Opportunities in a Crisis
Will Duffey, head of hotels and hospitality for Europe, Middle East and Africa at business advisory JLL, said pricing has stayed firm, which has led to investors concentrating on niche products where value can be added.
Kaufman said Blackstone is paying a lot of attention on the independent hotel space.
“We look for boutique hotels that many institutional players see as just too small and distress that goes beyond traditional reasoning, such as family and generational issues. Push the family to find solutions. We, too, are very entrepreneurial, and across four investments over the last 18 years, in all of them something was broken. That is absorbed into the price,” he said.
Investors are also considering sustainability, including whether an asset or firm has its green credentials and operation strategies in place.
“That’s a big focus for us. If there is no consideration of this, that’s a big red flag,” Seyrling said.

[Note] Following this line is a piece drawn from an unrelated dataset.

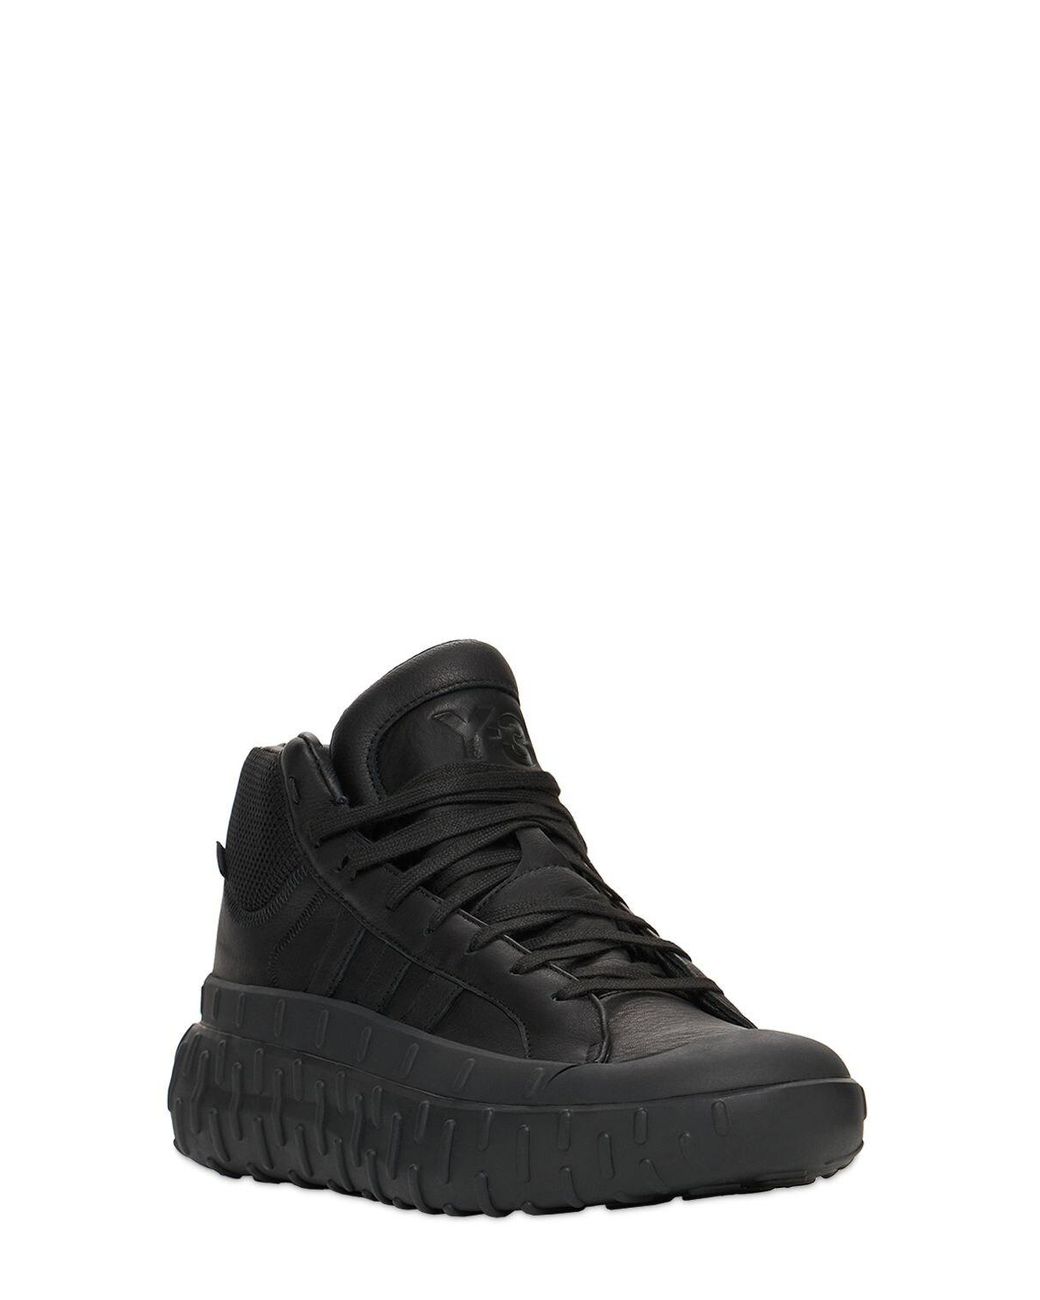 Y-3 Gr.1p High Gtx Leather & Tech Sneakers in Black for Men | Lyst

Kaufman said such aspects must not be regarded as savings but as investment opportunities.
“We take this super-seriously and implement best practices. If there are none in place at the buy, we’re less inclined to buy,” he said.
“This is part of the upside story,” Bradshaw added.
Distress has not been a major factor in transactions, due to government-backed initiatives, bank policies and owners being unwilling to drop asset prices, panelists said. Habbel, however, said distress has been a factor in family-owned hotels of between 50 and 100 rooms.
“This is not a leveraged crisis, as was seen after the Great Financial Crisis, but a liquidity one. Family businesses have lost two summer seasons now,” Bradshaw said.
“It also is not about [return on investment], but about profitability, and that requires a longer hold period. We’re not thinking about selling, rather to leverage and extend loans. We have time to be profitable.”
Habbel added “banks are not calling in loans, but they will not make new ones.”
Bradshaw said although it takes several years for assets to trade in some markets, in the U.S. it is far more draconian.
“In the U.S., you default on your loan, then boom. It is a machine,” he said.